Suppose \(f\le g\) on U. By Lemma 7, the open set \(\{x\in U: (Tf)(\sigma x)>(Tg)(\sigma x)\}\) does not intersect the dense set \(X_{0}\) and therefore must be empty, i.e., \(Tf\le Tg\) on \(\sigma (U)\).

The rest of the corollary follows. \(\square \)

Notation 9

Let Z be a compact Hausdorff space. For \(f\in C(Z)\) we let \({\text {supp}}(f)\), the support of f, be the closure of the set \(\{z\in Z:f(z)\not = 0\}\).

For open \(U\subseteq Z\) we put

$$\begin{aligned} B_{U}:= \{f\in C(Z):f=\overline{0} \text { on } U\}. \end{aligned}$$

\(B_{U}\) is a band of the Riesz space C(Z). Every band of C(Z) is \(B_{U}\) for some open \(U\subseteq Z\) (see [3], Exercise 22.10).

If \(f\in C(Z)\) and \(U\subseteq Z\) is open, then

$$\begin{aligned} f\in B_{U} \Leftrightarrow {\text {supp}}(f)\subseteq Z\backslash U. \end{aligned}$$

Corollary 10

Assume \(T\overline{0}=\overline{0}\) and let \(\sigma :X\rightarrow Y\) be associated with T.

  1. 1.

    For every \(f\in C(X)\), \(\sigma \) maps \({\text {supp}}(f)\) onto \({\text {supp}}(Tf)\).

  2. 2.

    If \(U\subseteq X\) is open, then \(T(B_{U})=B_{\sigma {U}}\).

Proof

  1. (1)

    Take \(X_{0}\) as above. Let W be \(\{x\in X:f(x)\not = 0\}\). By Lemma 7 and by the assumption that \(T\overline{0}=\overline{0}\), \(\sigma \) maps \(W\cap X_{0}\) into \(\{y\in Y:(Tf)(y)\not = 0\}\), so \(W\cap X_{0}\subseteq \sigma ^{-1}({\text {supp}}(Tf))\). But \(X_{0}\) is dense in X and W is open. Then the closure of \(W\cap X_{0}\) is the same as the closure of W, which is \({\text {supp}}(f)\). Then \({\text {supp}}(f)\subseteq \sigma ^{-1}({\text {supp}}(Tf))\) and thus \(\sigma ({\text {supp}}(f))\subseteq {\text {supp}}(Tf)\). As \(\sigma ^{-1}\) is the homeomorphism associated with \(T^{-1}\) (see Definition 4) we also have \(\sigma ^{-1}({\text {supp}}(Tf))\subseteq {\text {supp}}(f)\) and we are done.

  2. (2)

    Follows from (1). \(\square \)

Theorem 11

(Functoriality) Suppose Z is a third compact Hausdorff space and S is an order isomorphism \(C(Y)\rightarrow C(Z)\). Let \(\sigma :X\rightarrow Y\) and \(\omega :Y\rightarrow Z\) be the homeomorphisms associated with T and S, respectively. Then \(\omega \circ \sigma \) is the homeomorphism \(X\rightarrow Z\) associated with ST.

Proof

Let \(\phi :X\rightarrow Z\) be the homeomorphism associated with ST. Form \(X_{0}\) as in Definition 6. Let \(x\in X_{0}\). If \(f,g\in C(X)\) and \(f(x)<g(x)\), then \((Tf)(\sigma x)<(Tg)(\sigma x)\) by Lemma 7, so that \((STf)(\omega \sigma x)\le (STg)(\omega \sigma x)\). Thus \(\omega \sigma x=\phi x\).

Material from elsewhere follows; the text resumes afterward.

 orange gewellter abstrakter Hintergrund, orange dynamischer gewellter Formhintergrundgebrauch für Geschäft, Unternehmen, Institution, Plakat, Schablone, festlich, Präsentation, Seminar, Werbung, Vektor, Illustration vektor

We see that \(\omega \circ \sigma \) and \(\phi \) coincide on the dense subset \(X_{0}\) of X. Then \(\omega \circ \sigma =\phi \). \(\square \)

Definition 12

We say that T acts horizontally if \(T\overline{s}=\overline{s}\) for all \(s\in \mathbb {R}\) and (in case \(X=Y\)) that T acts vertically if the homeomorphism associated with T is the identity map of X.

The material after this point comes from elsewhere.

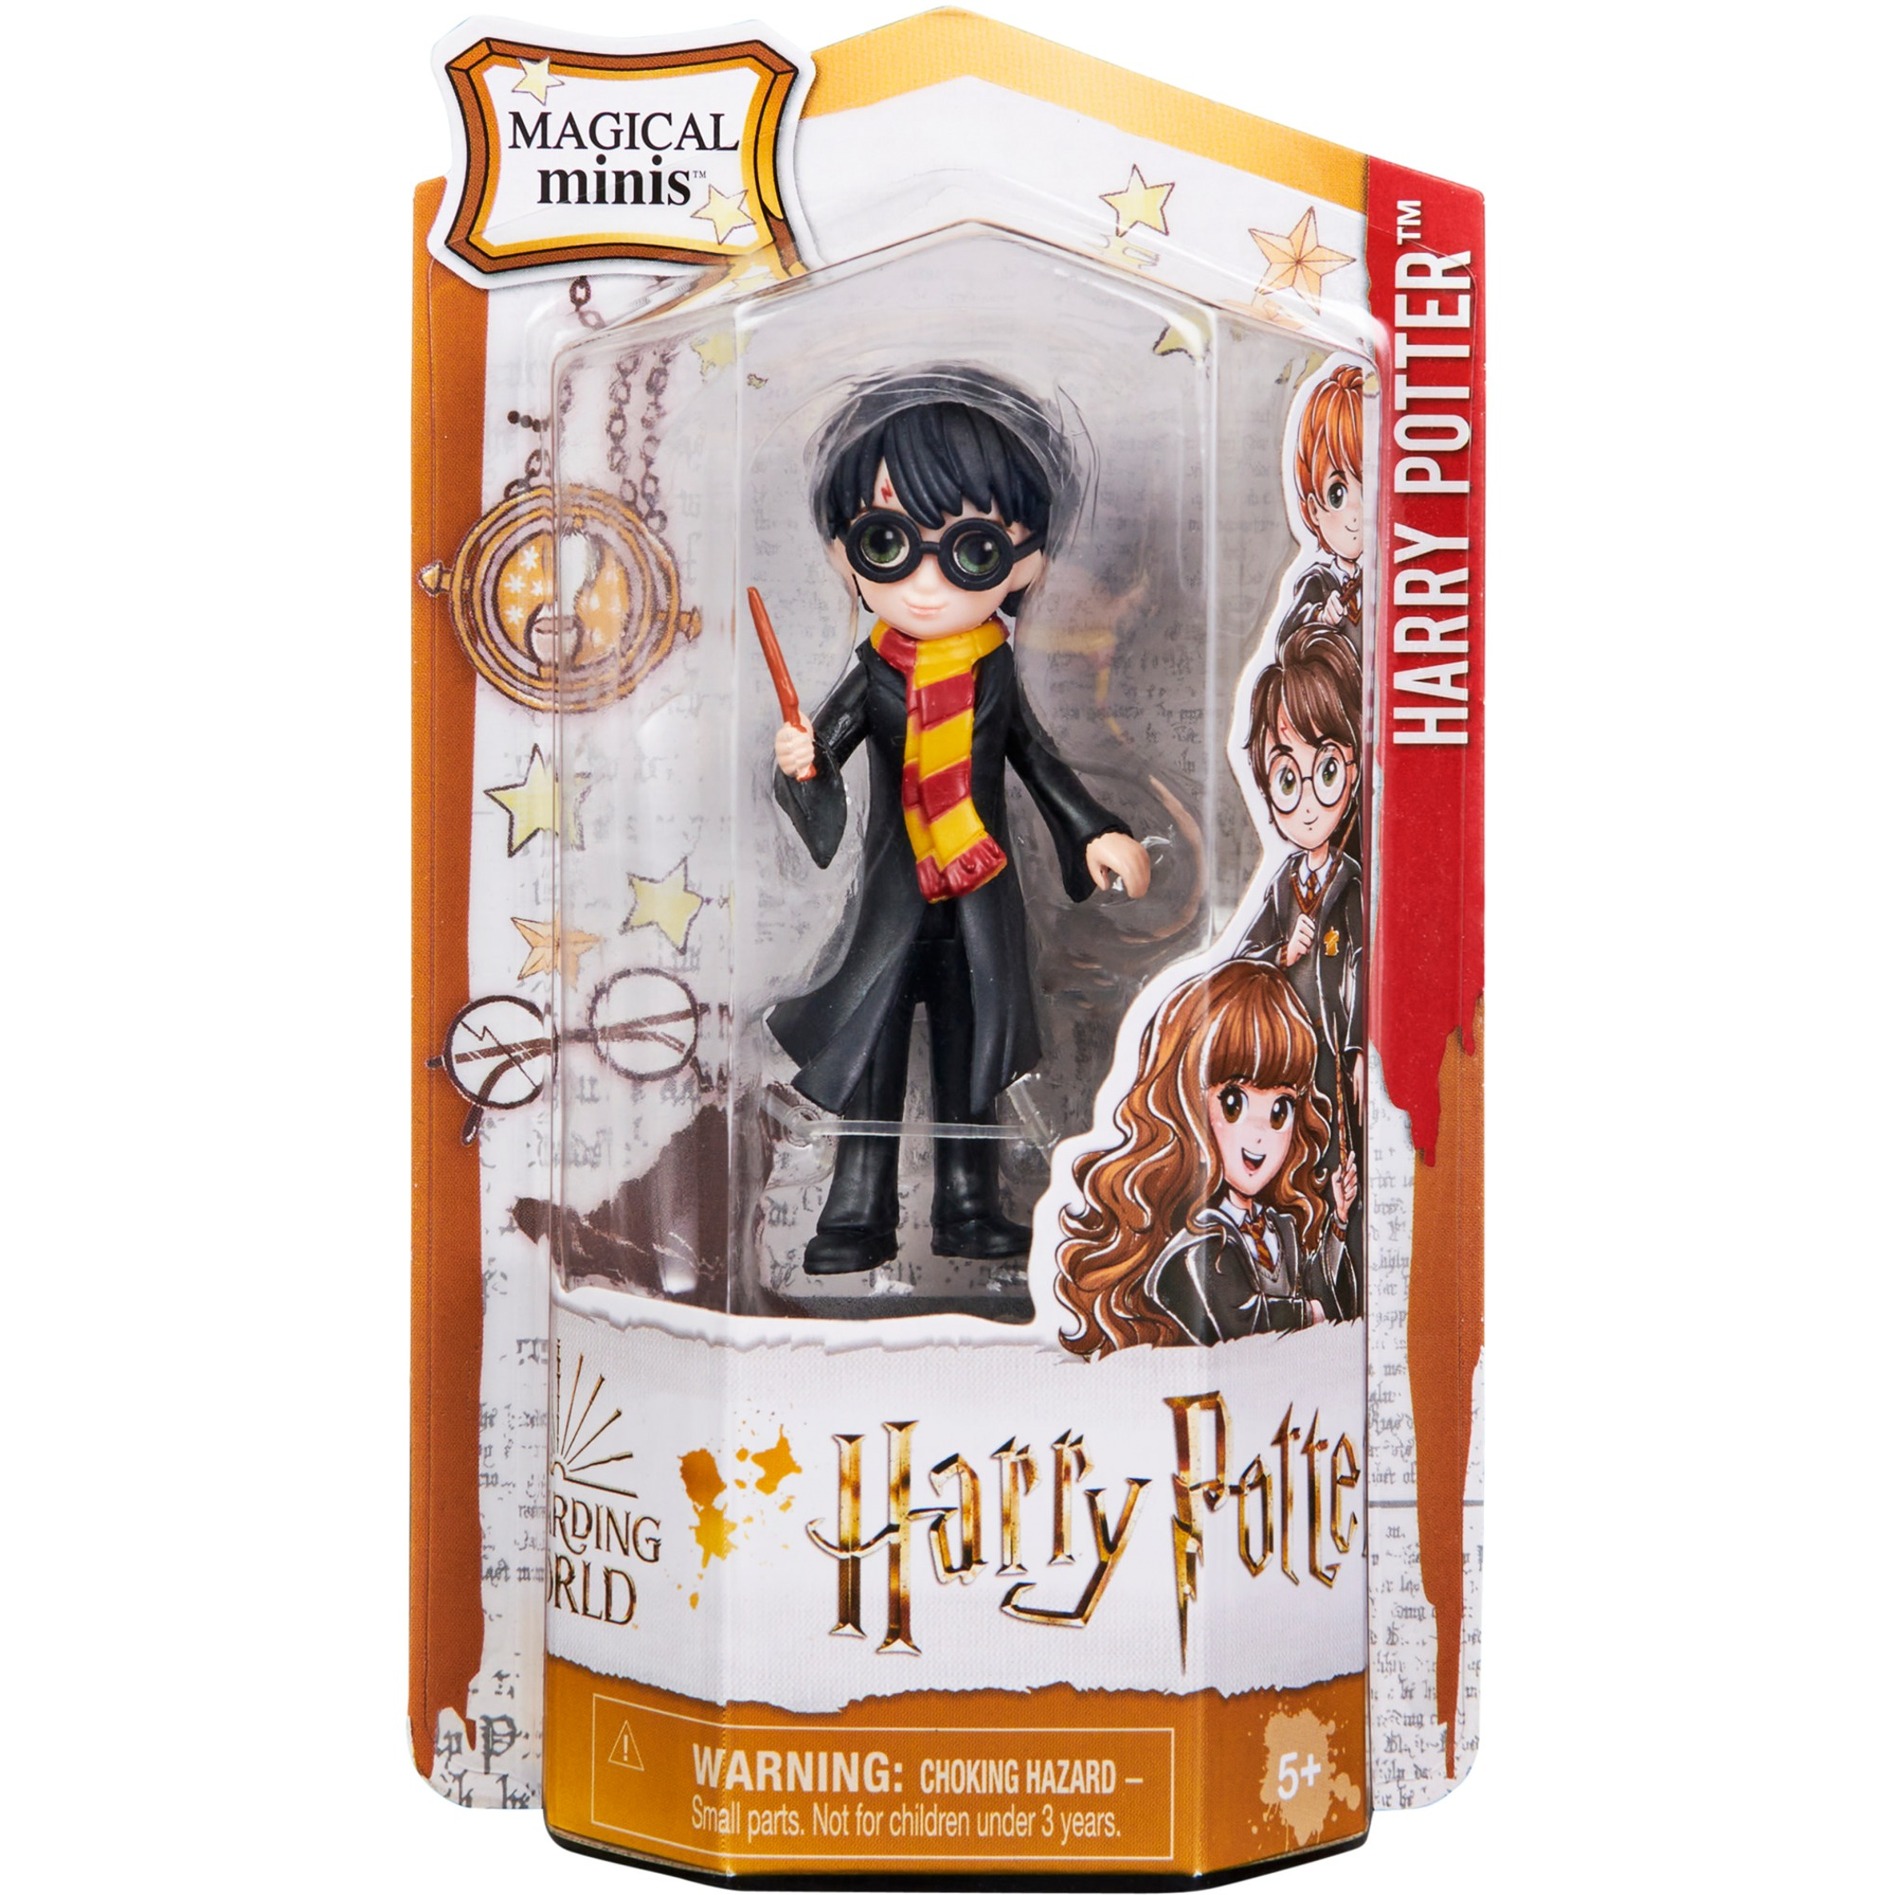 Image of Alternate - Wizarding World Harry Potter - Magical Minis Harry Potter Sammelfigur 7,6 cm, Spielfigur online einkaufen bei Alternate

If \(\sigma :X\rightarrow Y\) is a homeomorphism, then the isomorphism \(\sigma ^*\) (see Definition 4) acts horizontally. If \(X=Y\) and \(u\in C(X)\), then the translation map \(f\rightarrowtail f+u\) is an order isomorphism \(C(X)\rightarrow C(X)\) that acts vertically.

Comment 13

  1. (1)

    Kaplansky’s original proof of Theorem 2 is quite roundabout. The proof we give yields a more direct connection between the order isomorphism T and the homeomorphism \(\tau \). Our Corollary 8(2) is essentially the characterisation of \(\tau \) obtained by Geuze in his thesis [4].

  2. (2)

    Kaplanksy’s Theorem is more general than our Theorem 2, considering spaces of continuous functions with values in an arbitrary chain instead of \(\mathbb {R}\) (in which case the spaces X and Y have to satisfy natural regularity conditions). See also [4] for further generalisations.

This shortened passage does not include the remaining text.